The tip in this case came from King’s brother, Jeffrey Laplant, who had initially summoned Alaska State Troopers on Sept. 16, 2010, because, he said, Kling pointed a gun at him and told him to leave when he stopped by to pick up some tools. In reporting that, he also reported the marijuana grow.
An hour after the tip, troopers showed up at Kling’s house and talked to him.
Kling “denied ever pointing a gun at Laplant. King further denied that Laplant was on Kling’s property that day. Kling also asserted that it was Laplant who was making threats to Kling,” according to Heath’s ruling.
Clymer also talked to troopers, saying, “Laplant had been threatening her and her husband, that Lapalnt was a schizophrenic and that Laplant had a criminal history in Washington state.”
Ingram called investigator Kyle Young, one of his colleagues on the Mat-Su Narcotics Team, and told him what he’d found out at the house.
Young last made headlines in April when another case he worked on, that of Trace Thoms, was thrown out of federal court. In that instance, in July 2010 Young had alleged he could smell growing marijuana on the air as he drove by Thoms’ home. A federal judge ruled there was no way, given the air filters running in the grow operation and the distance Young was from the building, that he could have smelled those plants.

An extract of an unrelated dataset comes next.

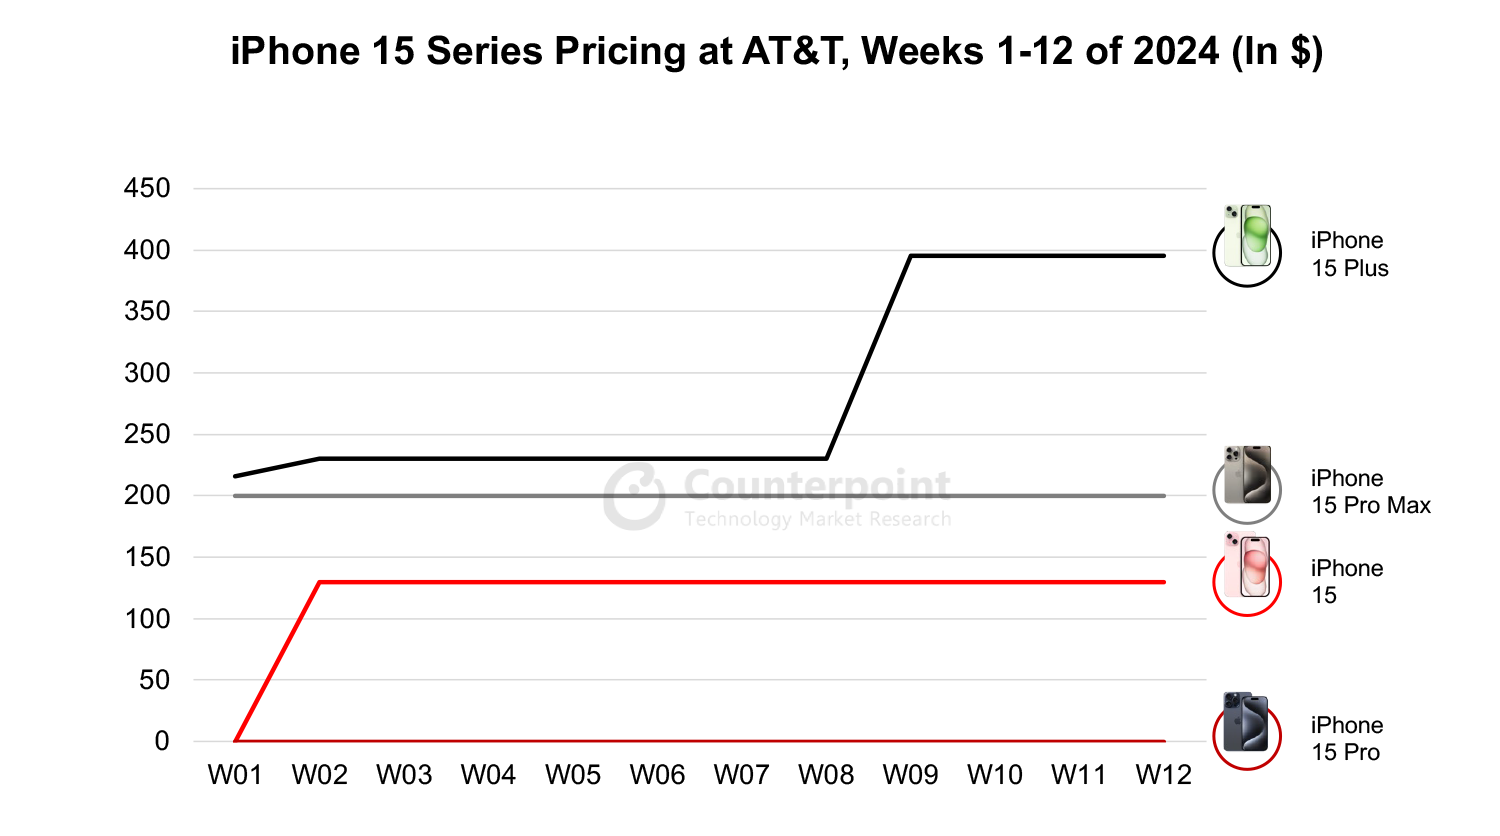 iPhone 15 Series Pricing at AT&T, Weeks 1-12 of 2024 (In $)

Efforts to reach Young for comment were unsuccessful.
In the more recent case, Young put together a search warrant application with all the stuff Laplant had told troopers, plus a few more details about a past conviction Kling had for drug misconduct and one that Laplant had for drunken driving. The counter allegations from Kling and Clymer weren’t in the application. Young then spoke to a magistrate but didn’t mention those counter-allegations.

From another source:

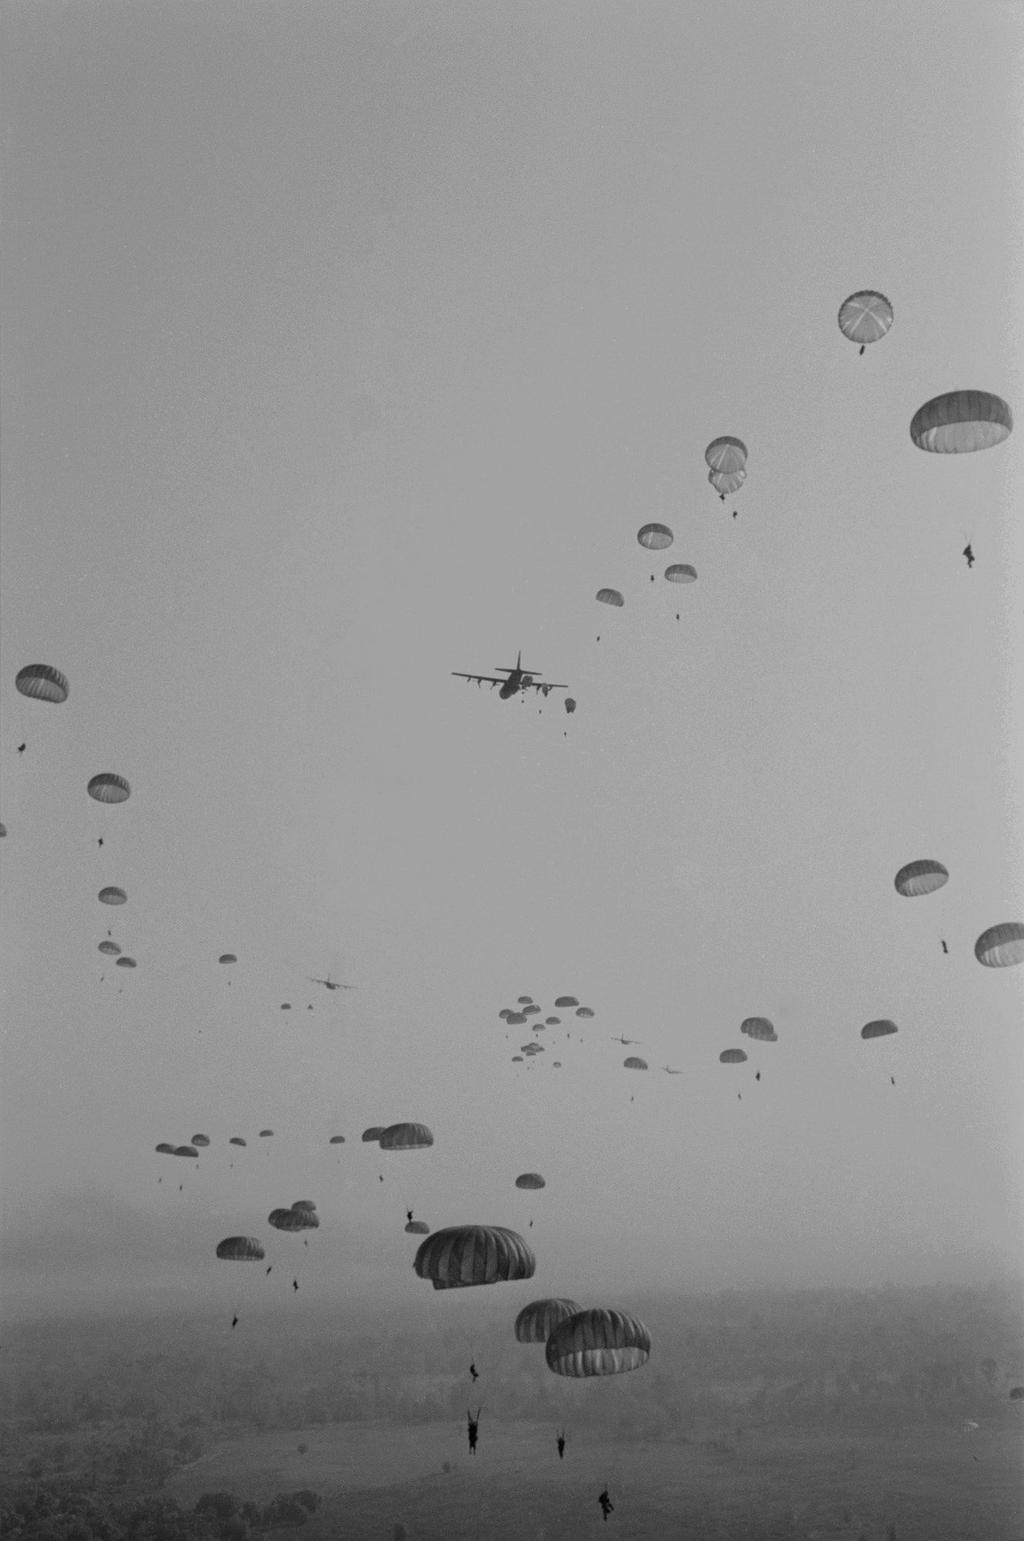 Catherine Leroy with the 173rd Airborne Brigade in a combat jump,

Troopers got their search warrant, and turned up nine budding plants and .34 pounds of marijuana.
The warrant might have been valid if Laplant were a citizen informant. But, Heath wrote, he was not.

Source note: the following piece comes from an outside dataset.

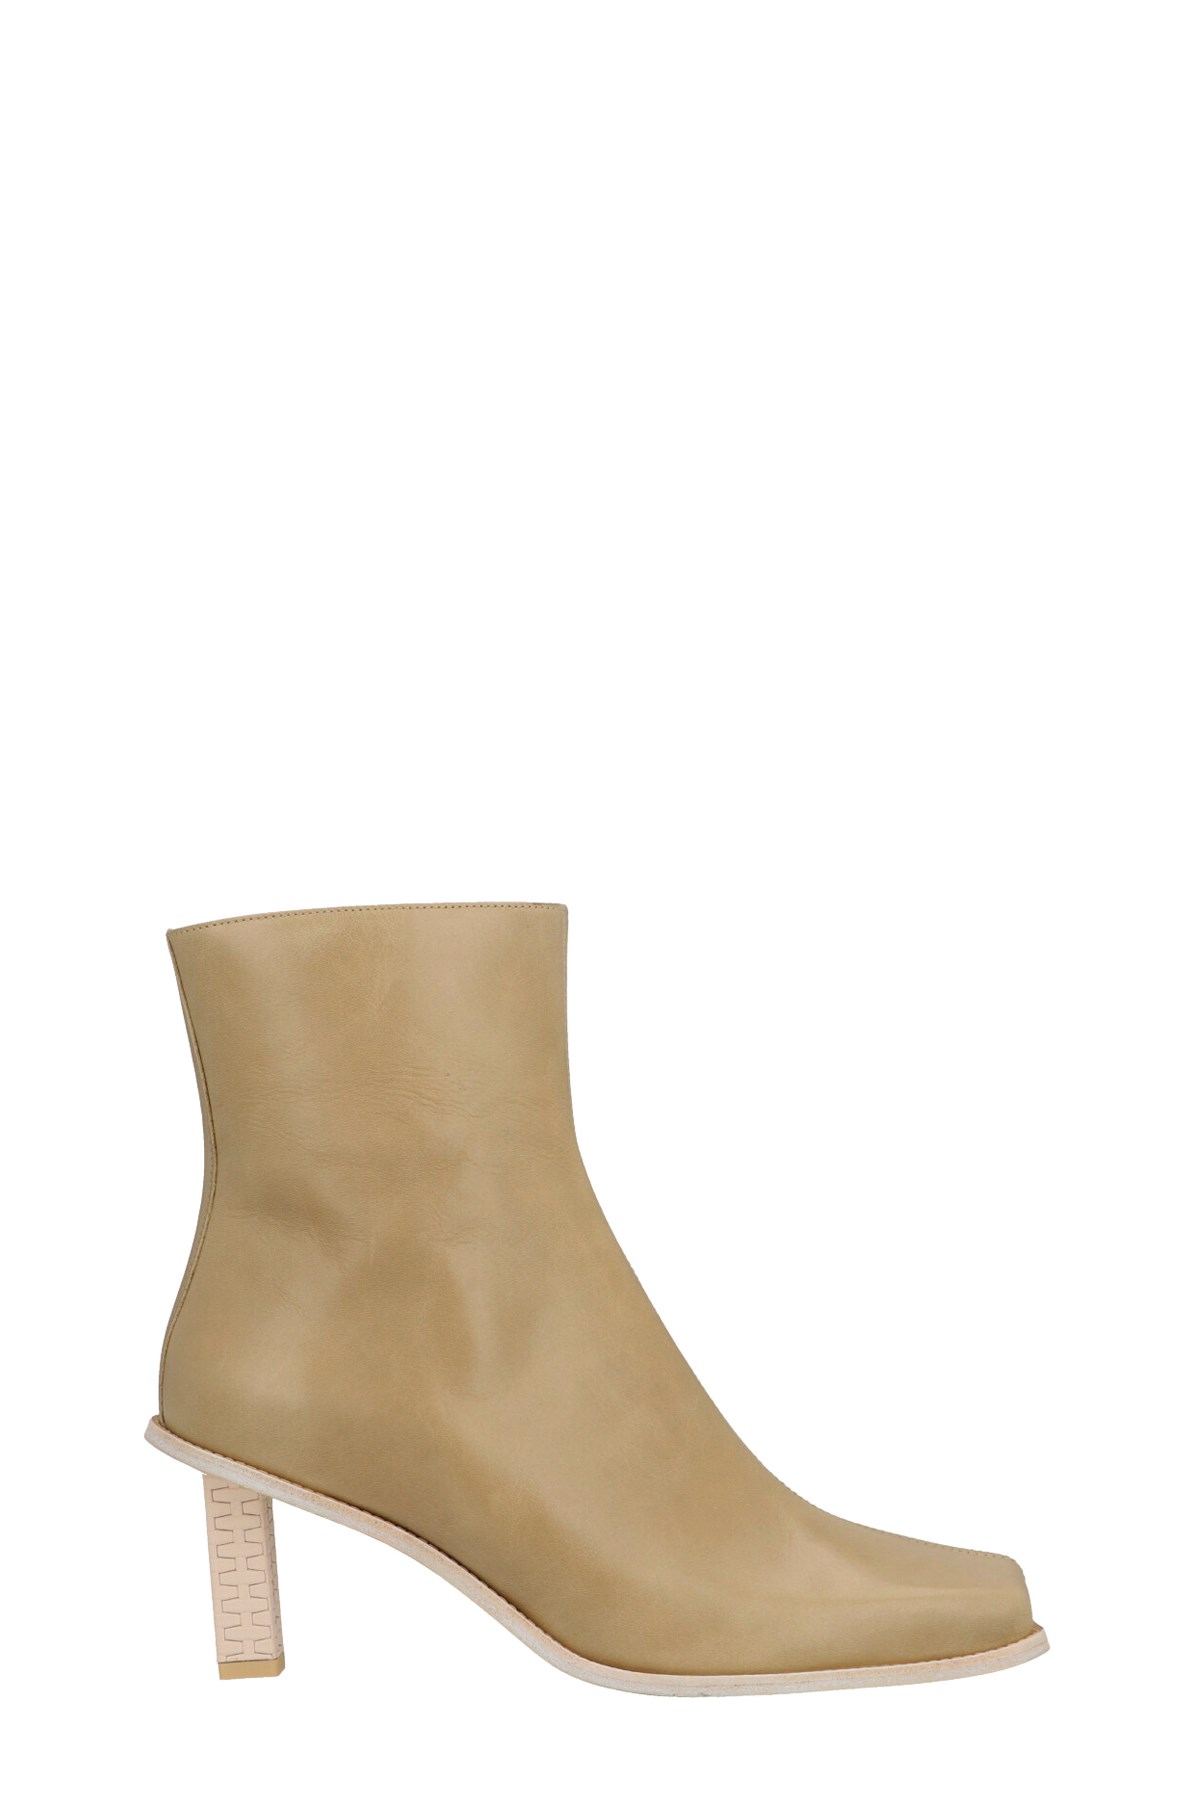 JACQUEMUS 'Carro Basses' Ankle Boots

“The evidence in the search warrant affidavit does not show that Laplant acted with intent to aid the police,” Heath wrote. “Instead, Laplant’s motive for providing the tip was for revenge or out of anger.”
And cops aren’t allowed, as they are with citizen informants, to take the tip at face value. They have to back it up, the judge wrote. There has to be proof that Laplant had been a reliable informant in the past — he hadn’t — or that he was acting against his own interest. Vague admissions he made to buying some of Kling’s marijuana didn’t cut it, Heath wrote, because there wasn’t enough evidence to make that a prosecutable offense.
A third way to corroborate Laplant’s statements would be through other evidence. Heath found that was lacking in the case as well.
“The troopers did not report they smelled marijuana while on the property, nor did they hear fans which might be used to assist in grow operations. Investigator Young did not present Kling’s utility records which might have shown an abnormal usage level,” Heath wrote.
So Heath threw the case out, but his decision doesn’t end there.
Heath spent the last page and a half of his ruling taking Young to task for his performance before the magistrate just prior to the search warrant being executed. Heath lays out all the things Ingram was told about the alleged threats against Kling and Clymer, Laplant’s schizophrenia and his out-of-state criminal history.
“This information was discovered well before Investigator Young went before Magistrate (Cameron) Clark. None of this information was presented to the magistrate. Magistrate Clark specifically asked Investigator Young whether there were any developments,” Heath wrote. “Investigator Young did not inform the magistrate about the new information.”
In legal decisions a judge has to decide if a cop acting this way was being deceptive or negligent. Heath doesn’t make an official ruling on that, but he comes close.
“Investigator Young was more than negligent in his failure to disclose the additional information about the assault and Laplant,” the judge wrote. “Investigator Young violated his duty of candor to the court.”